• [Work order]:
Set down, word for word, every line of the material below from the one containing "Hôtel Beau Site" through the one containing "DESIGNACION SECRETARIO TECNICO", but none of its pictures.

START Data section

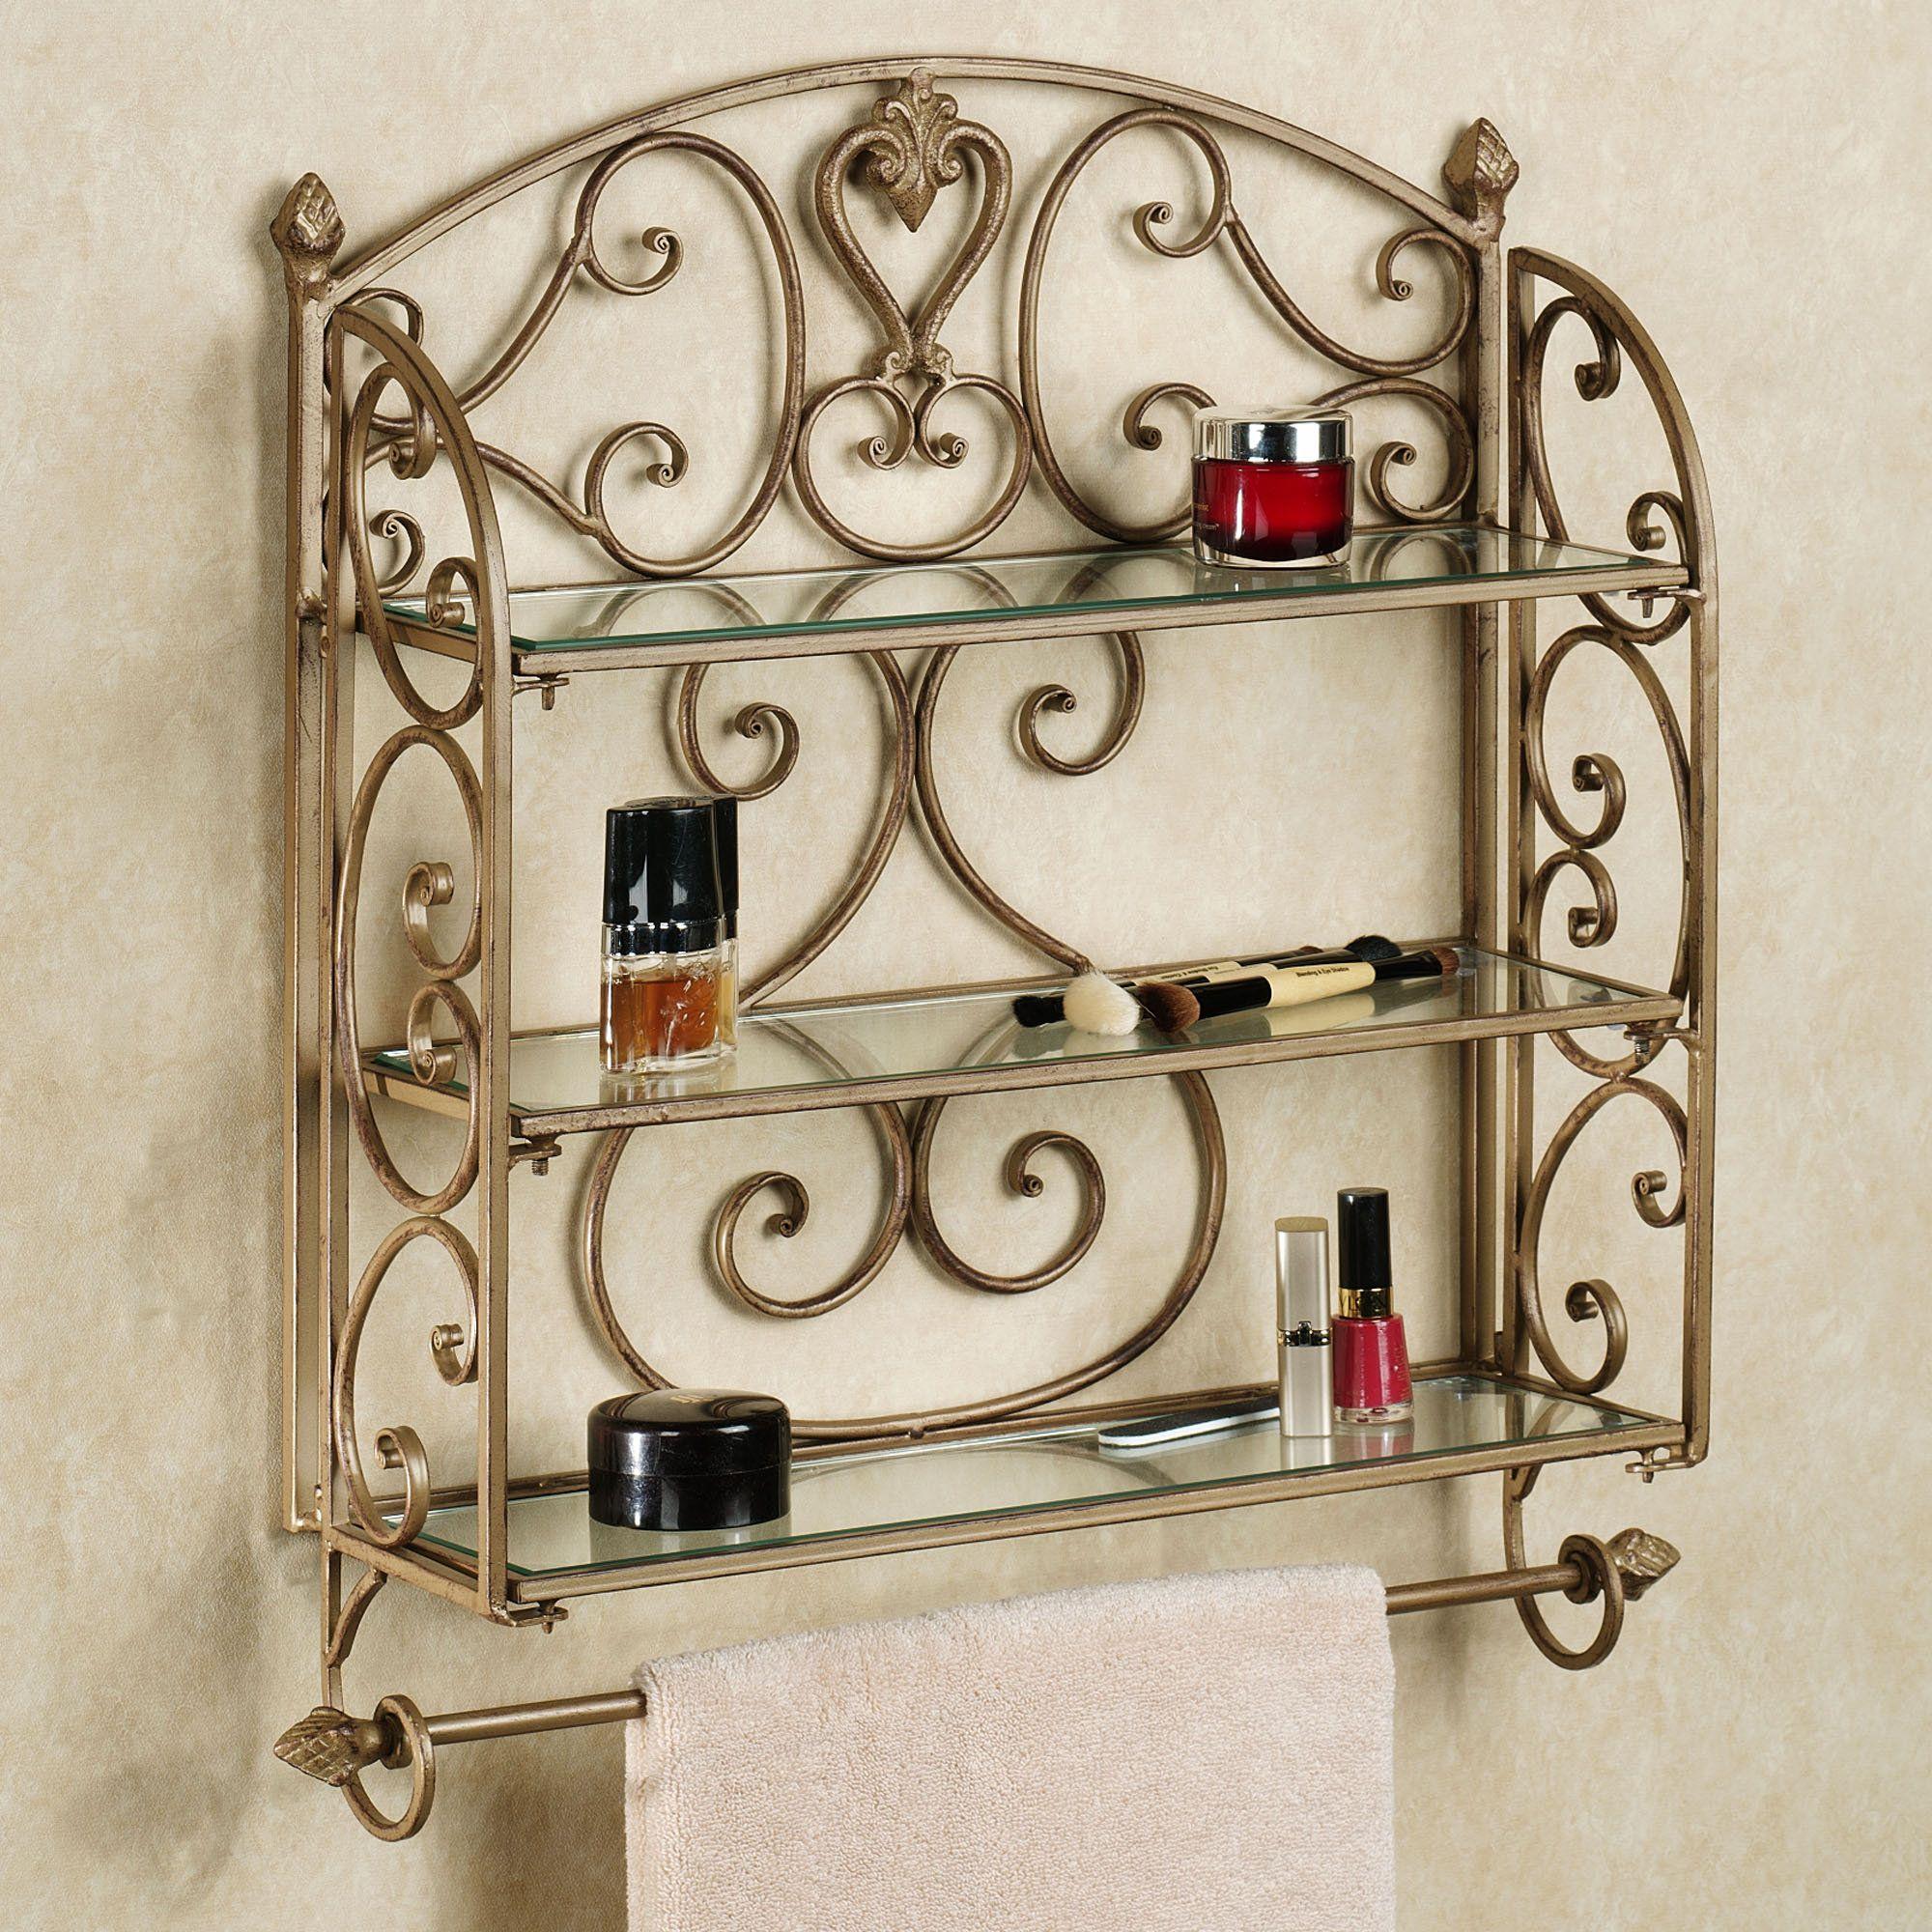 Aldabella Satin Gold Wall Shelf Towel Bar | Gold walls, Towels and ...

END Data section
START Data section

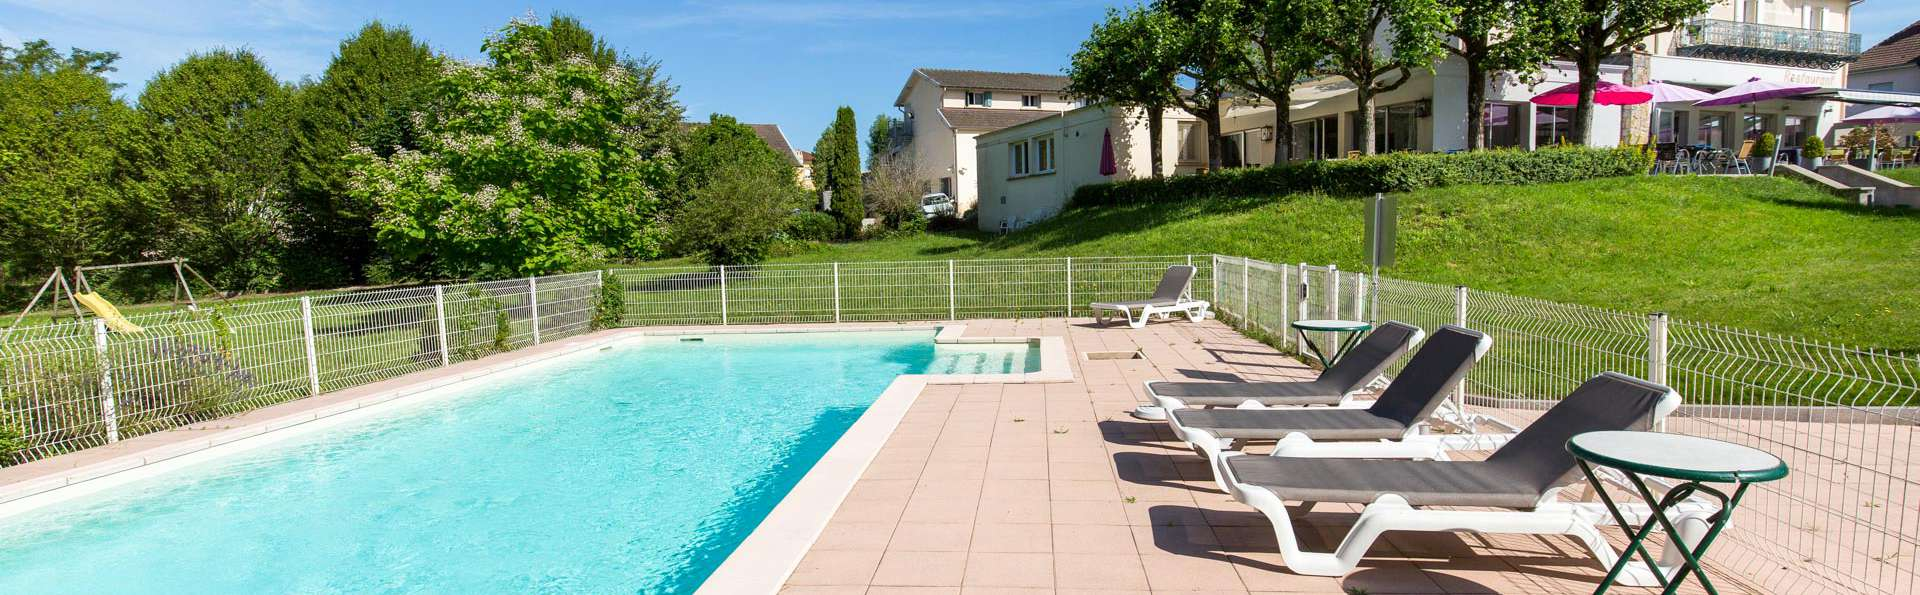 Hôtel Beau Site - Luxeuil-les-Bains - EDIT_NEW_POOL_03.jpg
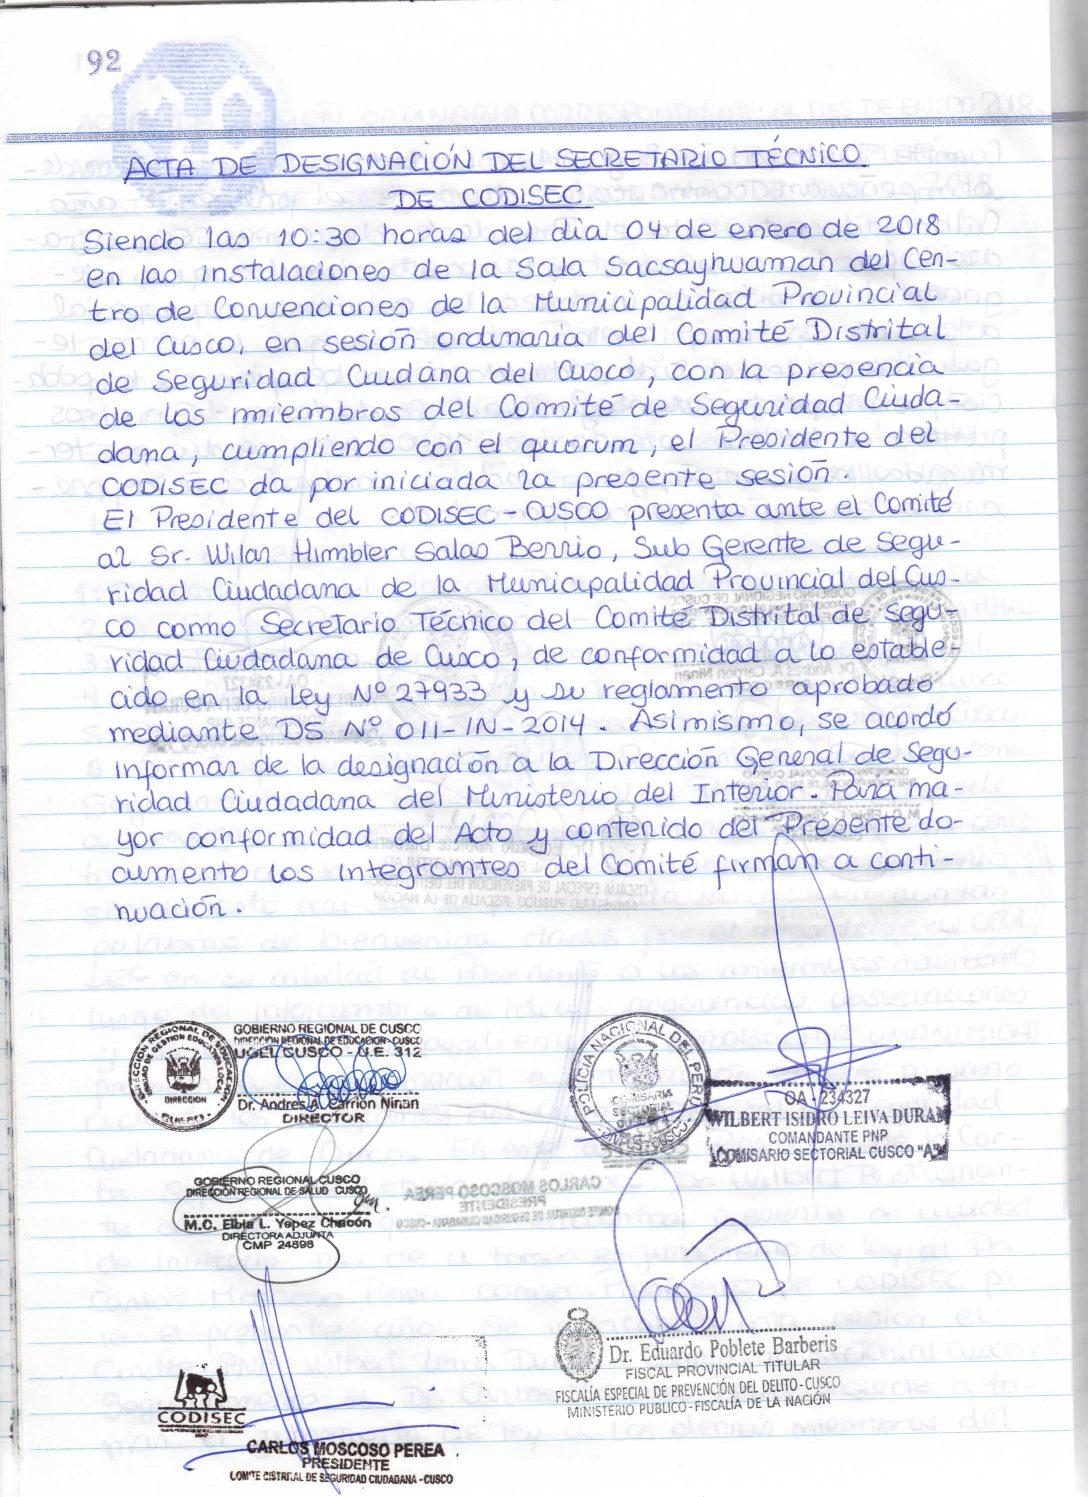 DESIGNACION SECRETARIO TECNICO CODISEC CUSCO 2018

END Data section

• [Exercise answer]:
 Hôtel Beau Site - Luxeuil-les-Bains - EDIT_NEW_POOL_03.jpg
 DESIGNACION SECRETARIO TECNICO CODISEC CUSCO 2018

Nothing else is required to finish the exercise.